§ Problem:
Each and every line below goes into your answer unchanged, but leave out the images.

§ Data extract:
════════════════

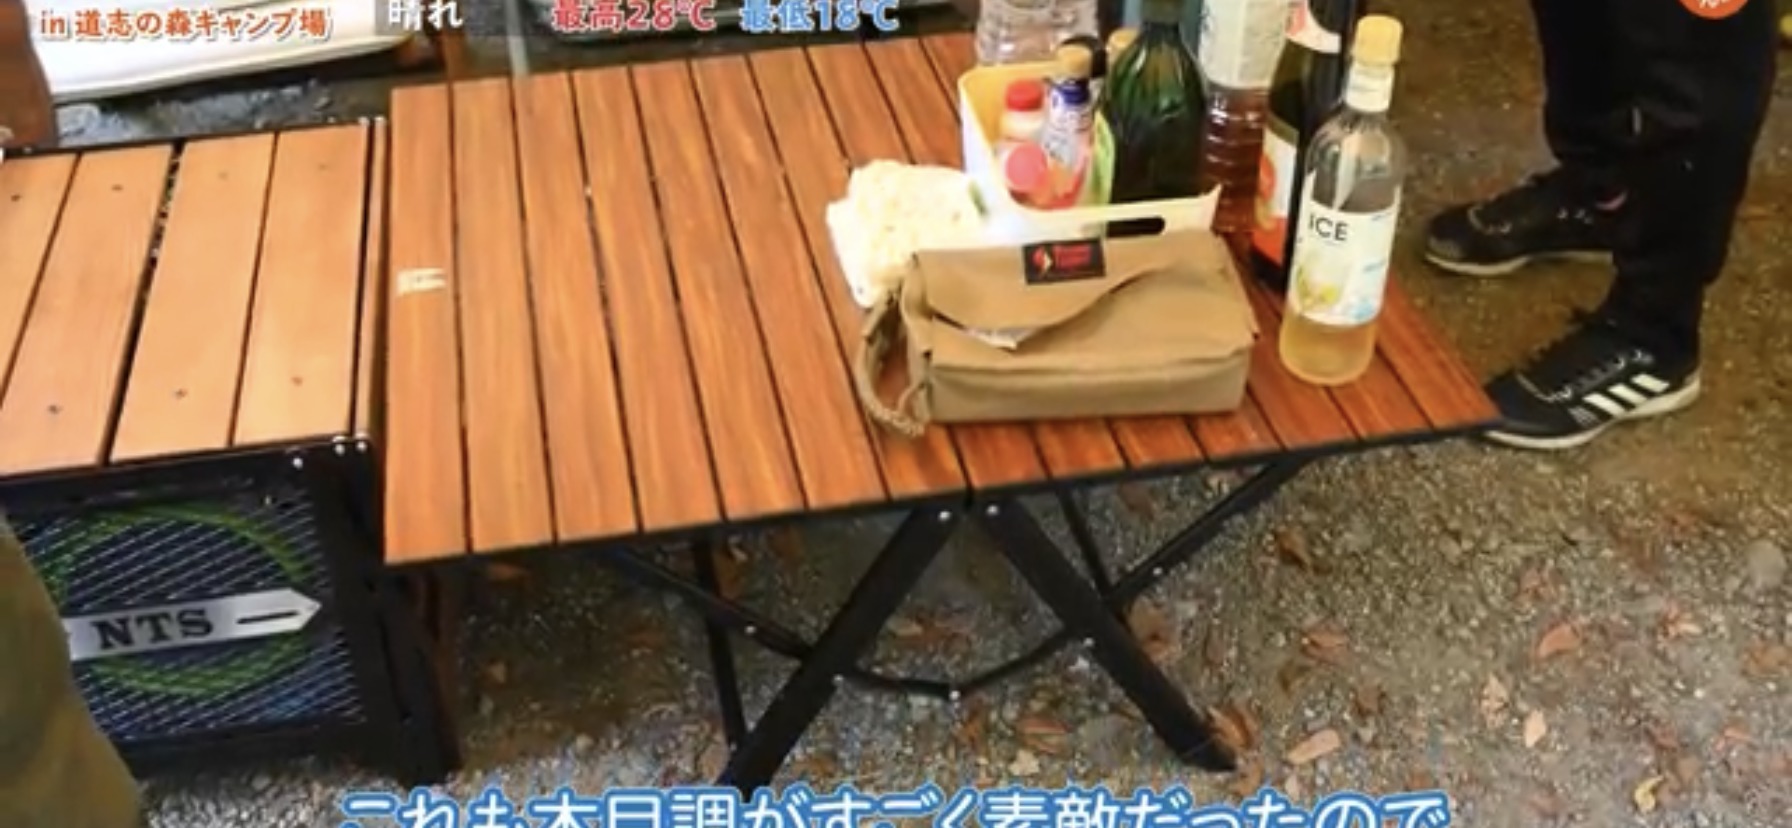 テーブル：【ogawa(オガワ) 】折りたたみ式 3ハイ&ロー テーブル
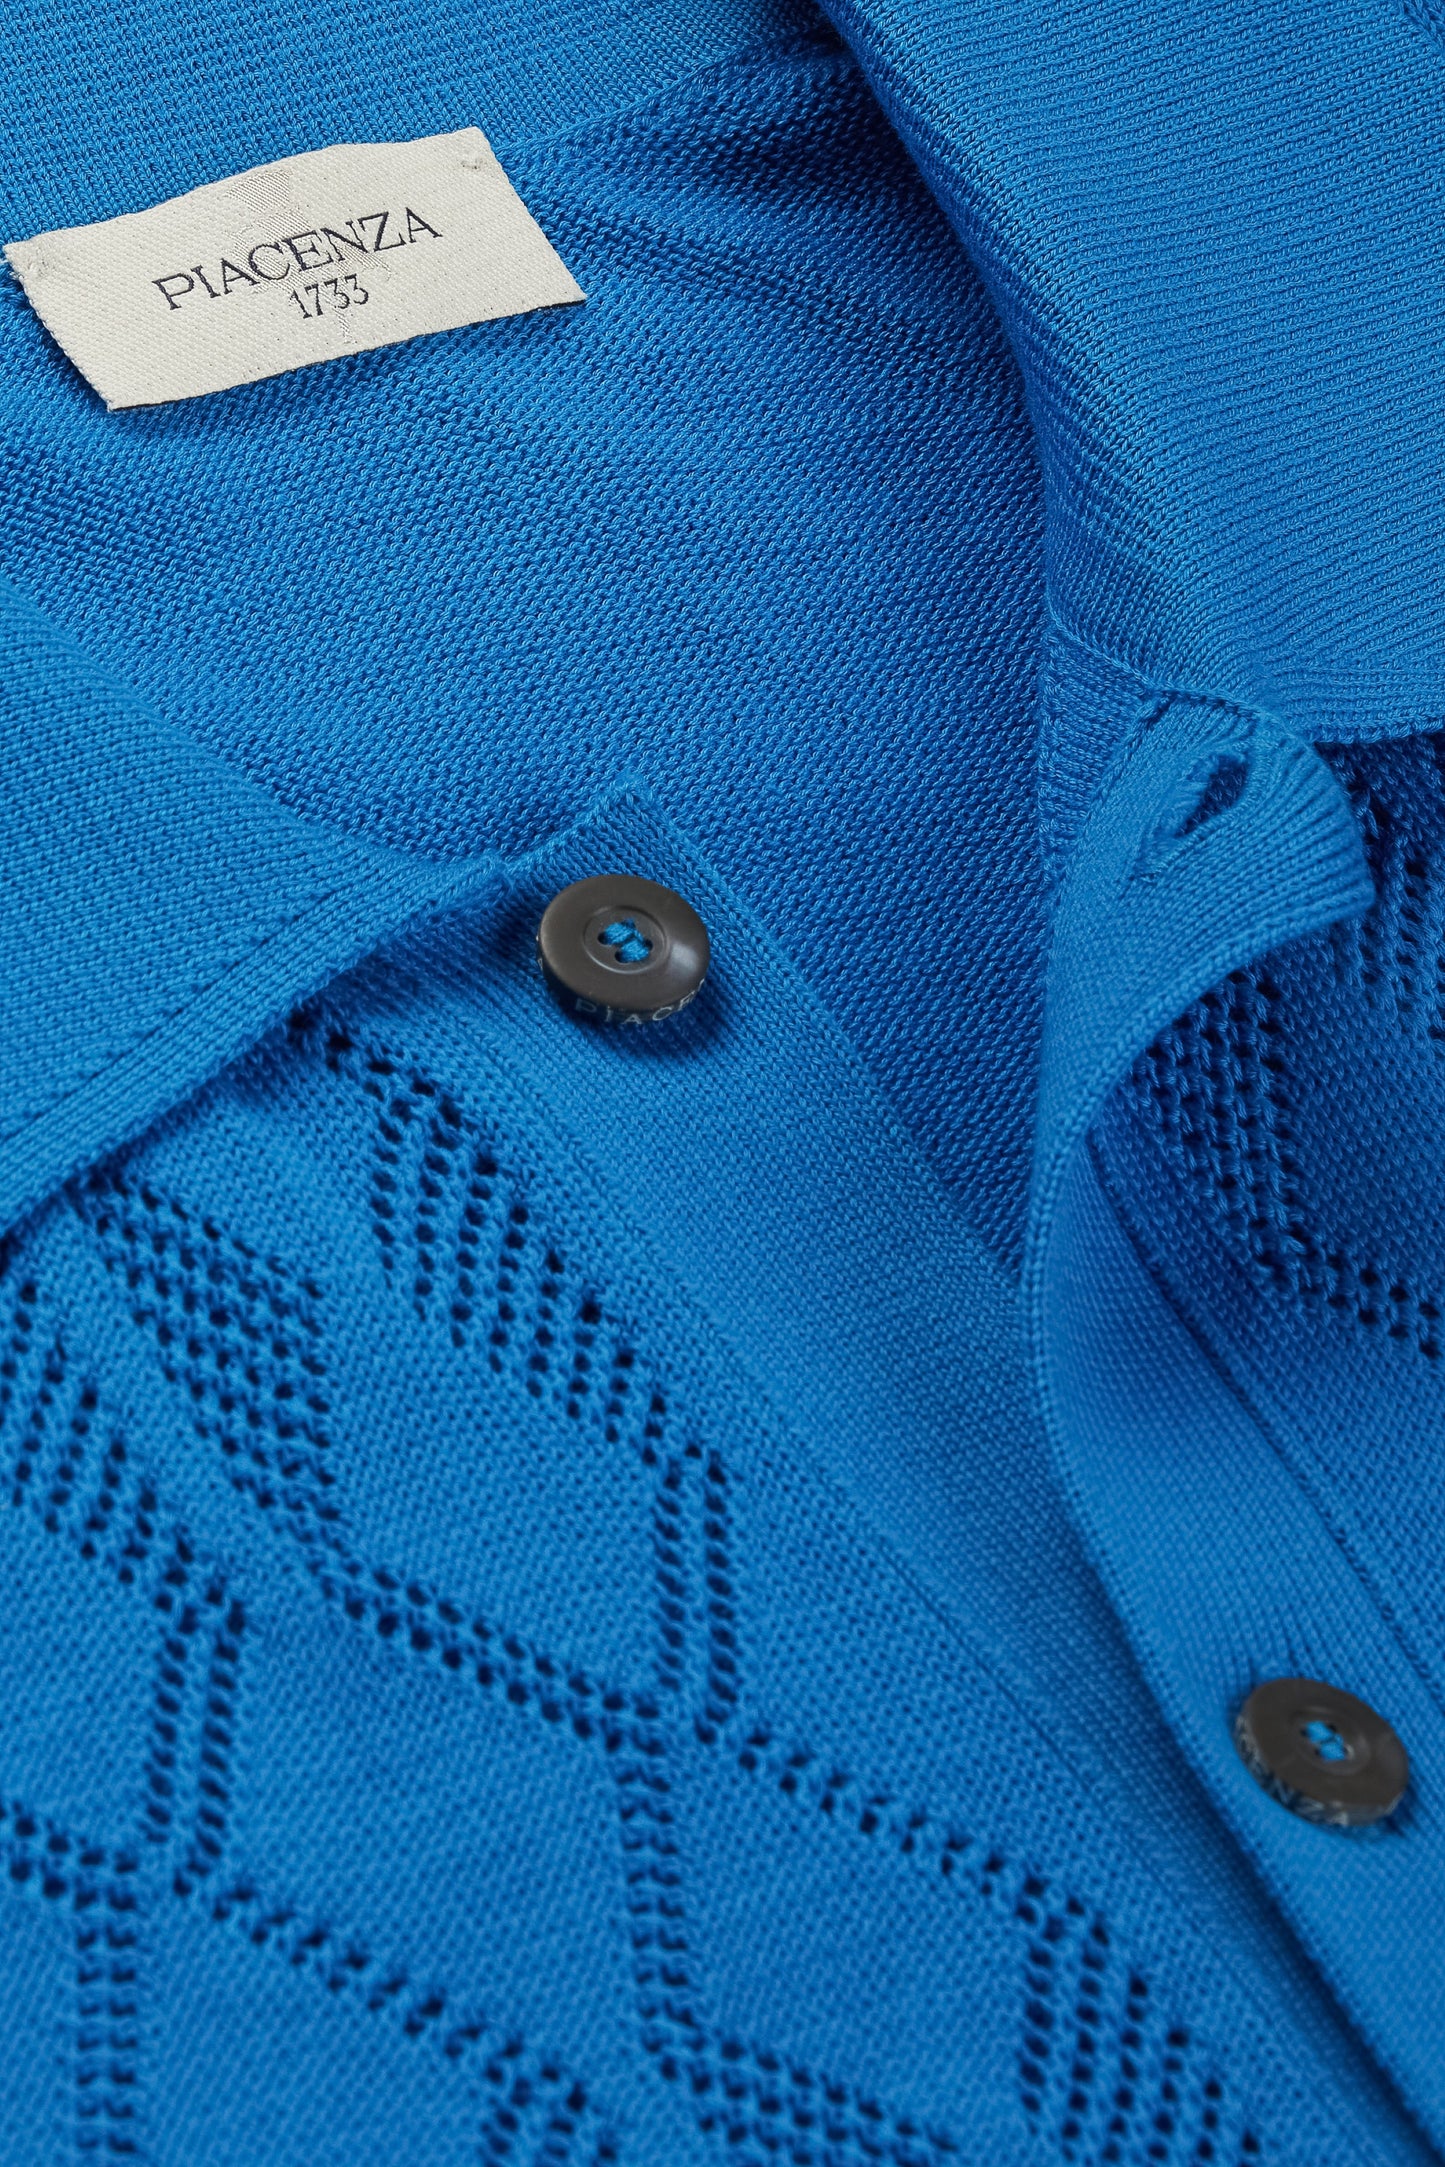 Electric blue crochet short-sleeved shirt
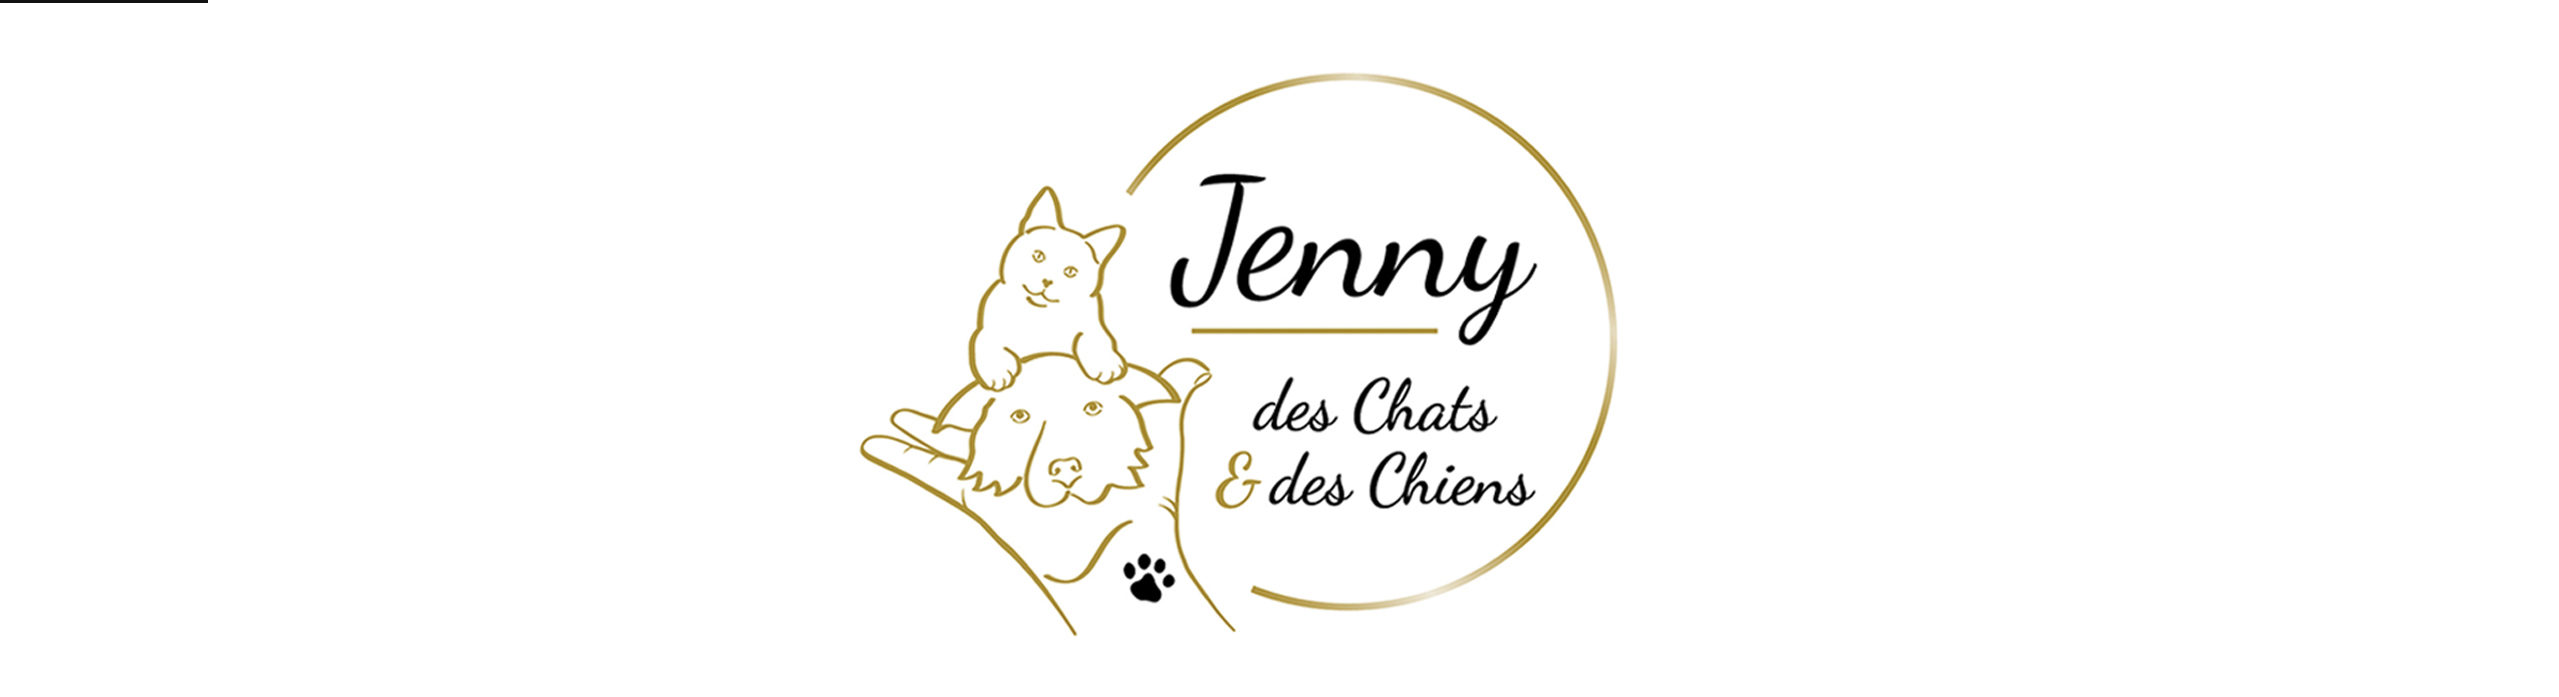 Jenny des chats et des chiens spécialiste relation chat humain
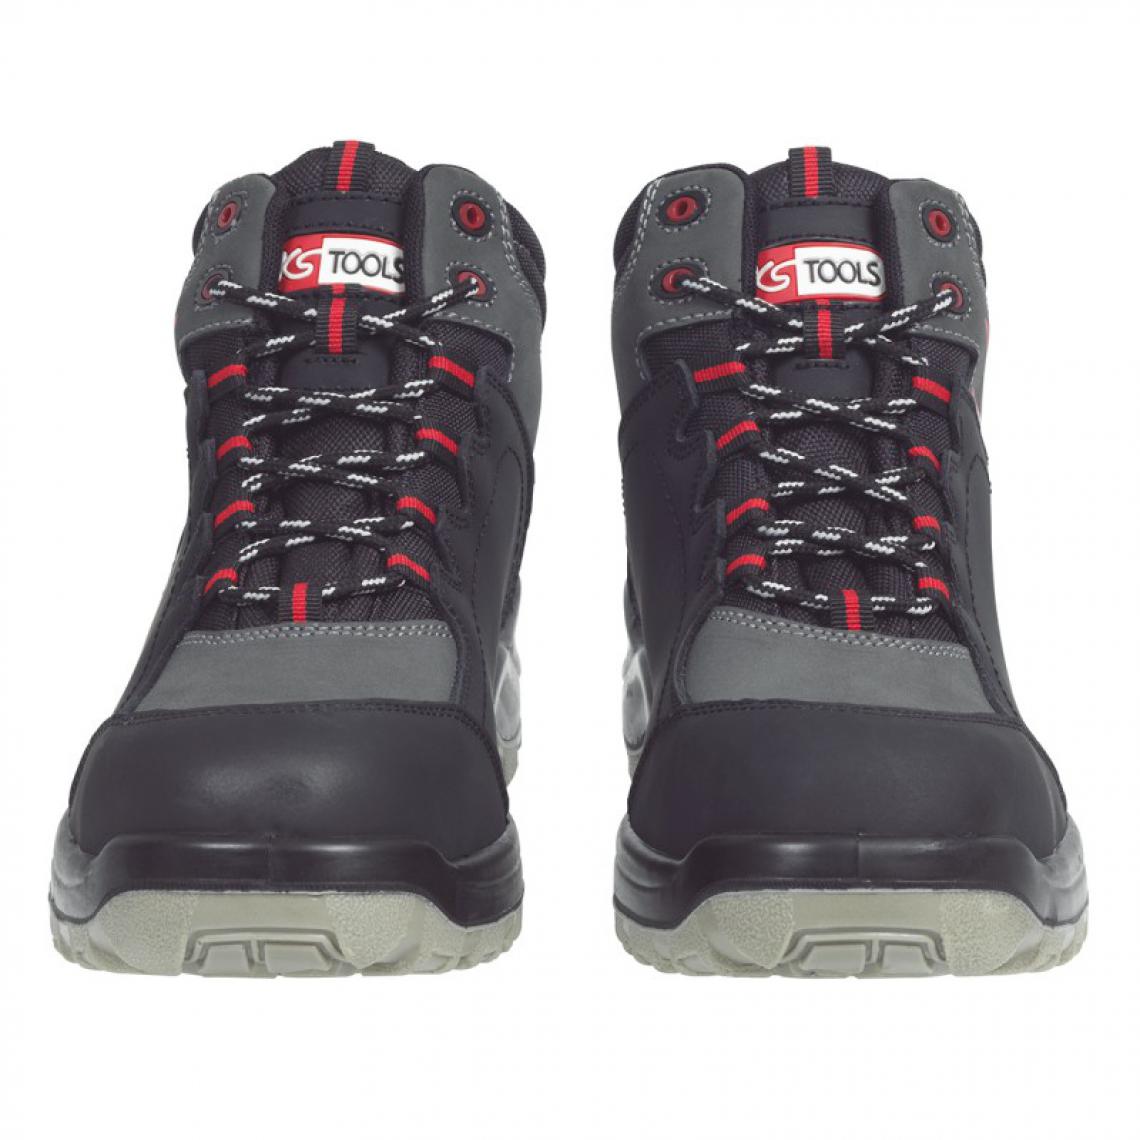 Kstools - Chaussures de sécurité montante KSTOOLS Couleur grise et noire taille 39 - Equipement de Protection Individuelle

════════════════

§ Task response:
 テーブル：【ogawa(オガワ) 】折りたたみ式 3ハイ&ロー テーブル
 Electric blue crochet short-sleeved shirt
 Jenny des chats et des chiens spécialiste relation chat humain
 Kstools - Chaussures de sécurité montante KSTOOLS Couleur grise et noire taille 39 - Equipement de Protection Individuelle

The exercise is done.